To do:
In the material below, find the line containing "Welcome home to" and the line containing "Binary code on a sphere,illustration". Output those two lines and all lines between them exactly, without pictures.
===== Source data =====
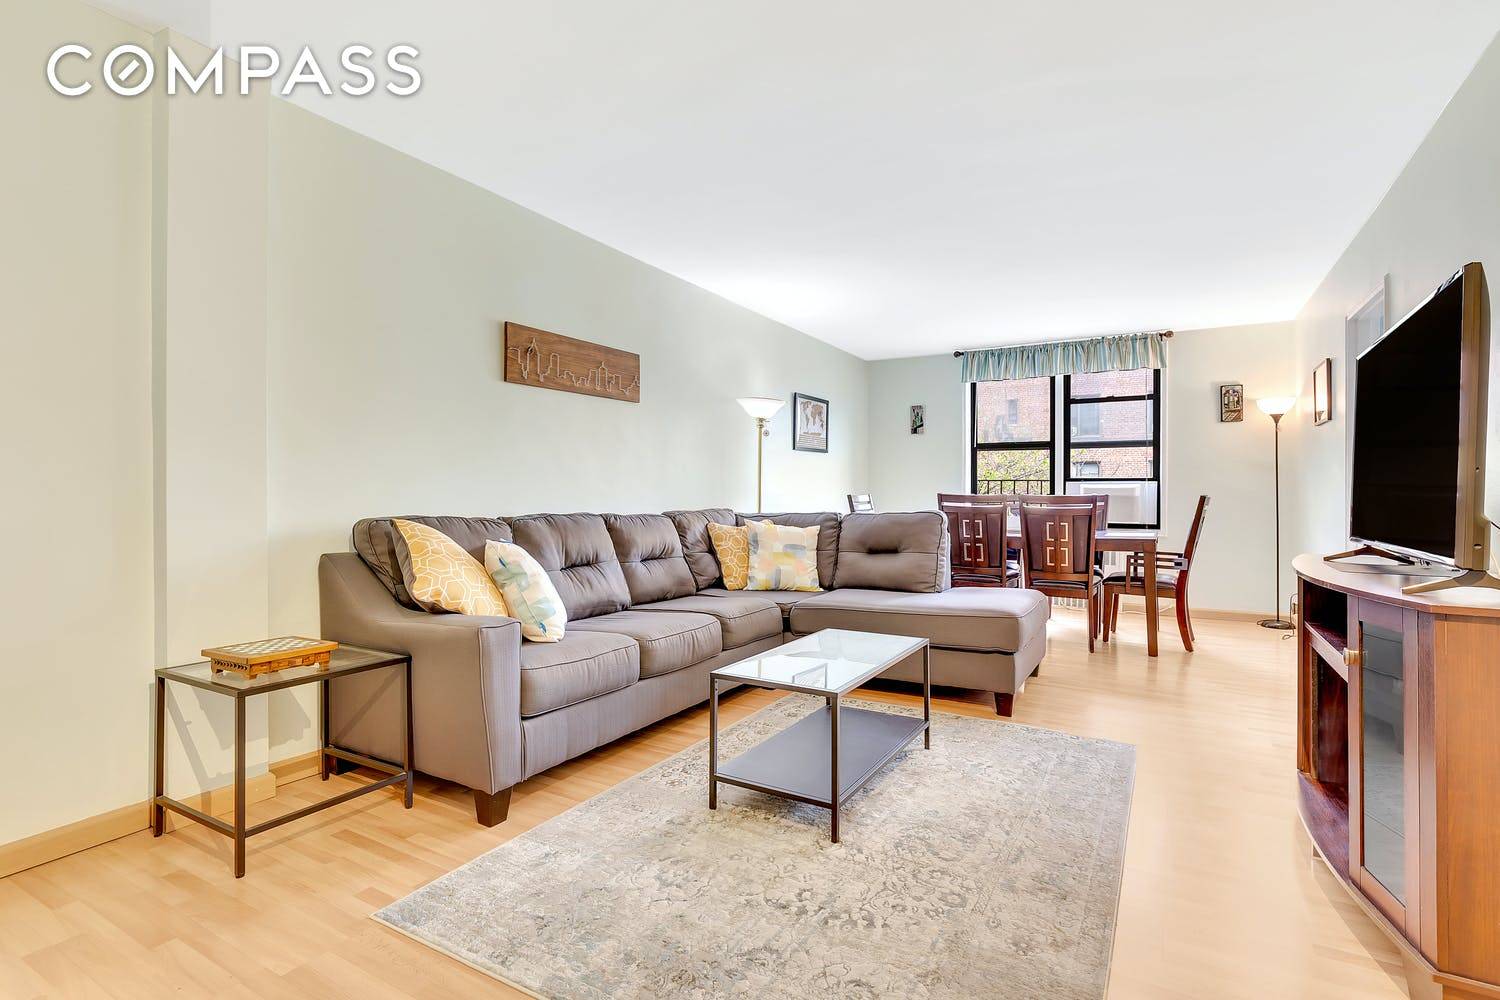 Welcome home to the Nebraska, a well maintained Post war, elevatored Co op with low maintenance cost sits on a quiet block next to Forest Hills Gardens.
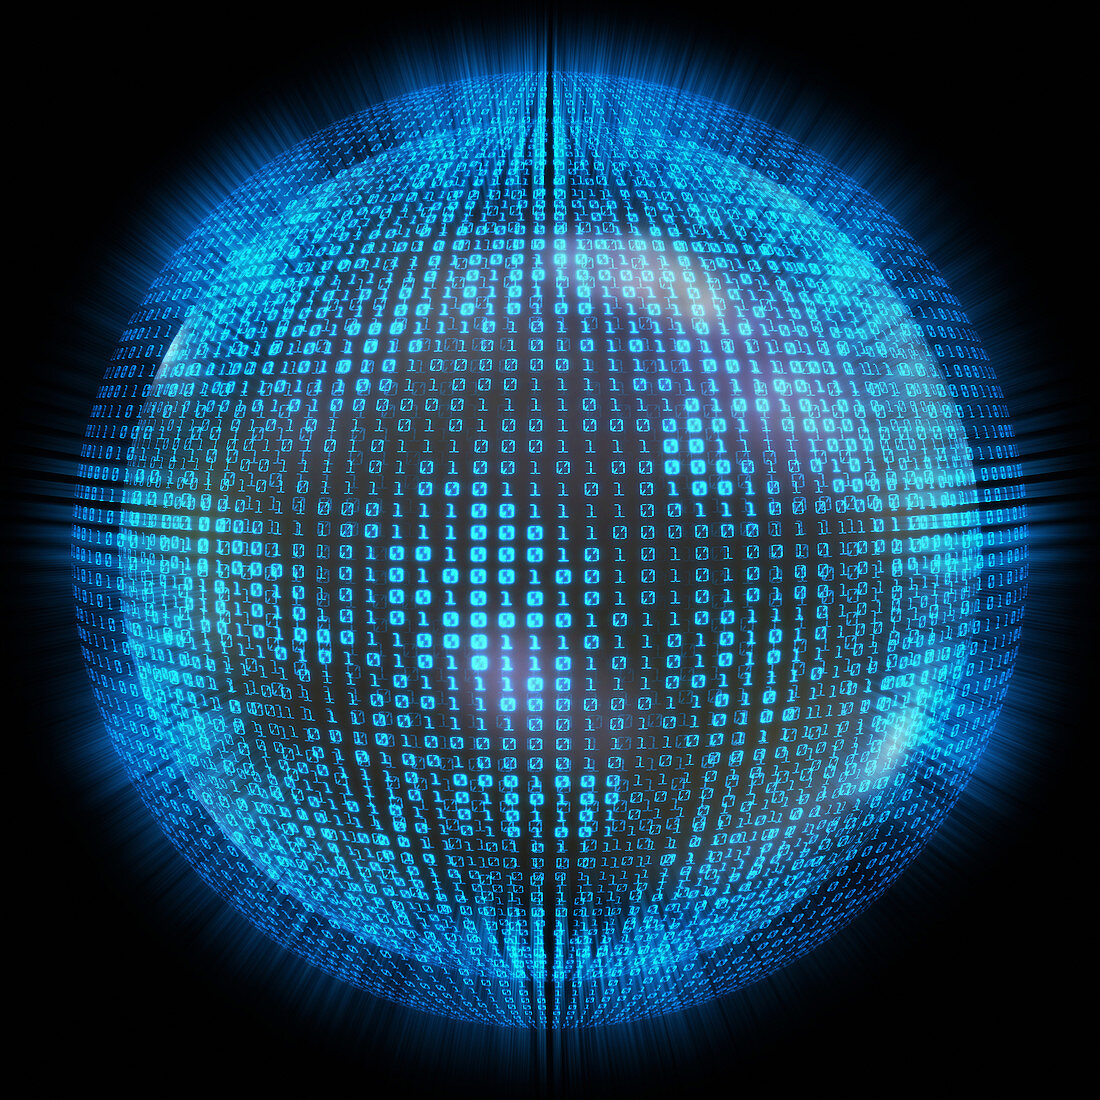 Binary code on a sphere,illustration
=====
===== Source data =====
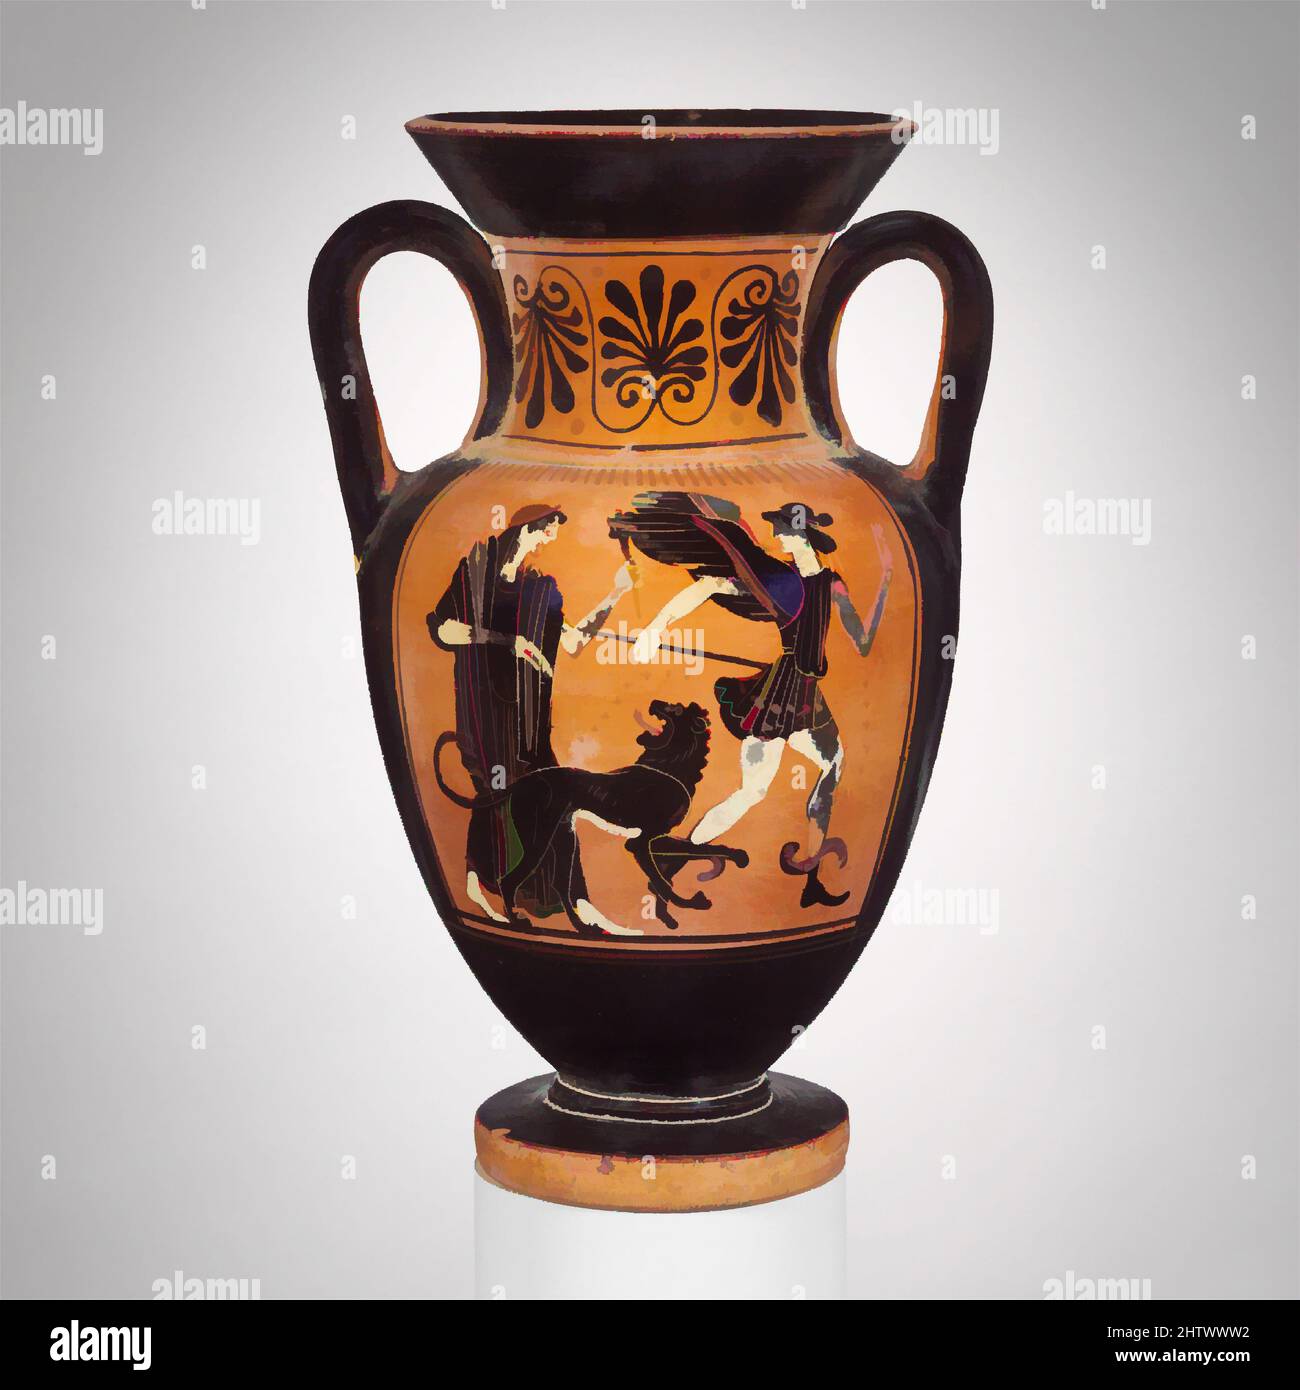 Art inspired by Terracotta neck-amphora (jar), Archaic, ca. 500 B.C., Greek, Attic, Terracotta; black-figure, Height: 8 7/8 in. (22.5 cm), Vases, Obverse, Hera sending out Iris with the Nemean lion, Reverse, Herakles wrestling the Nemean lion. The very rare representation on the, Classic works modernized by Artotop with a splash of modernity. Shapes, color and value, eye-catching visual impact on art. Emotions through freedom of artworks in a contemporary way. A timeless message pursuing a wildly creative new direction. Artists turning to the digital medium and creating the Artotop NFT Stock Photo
=====
Response:
 Welcome home to the Nebraska, a well maintained Post war, elevatored Co op with low maintenance cost sits on a quiet block next to Forest Hills Gardens.
 Binary code on a sphere,illustration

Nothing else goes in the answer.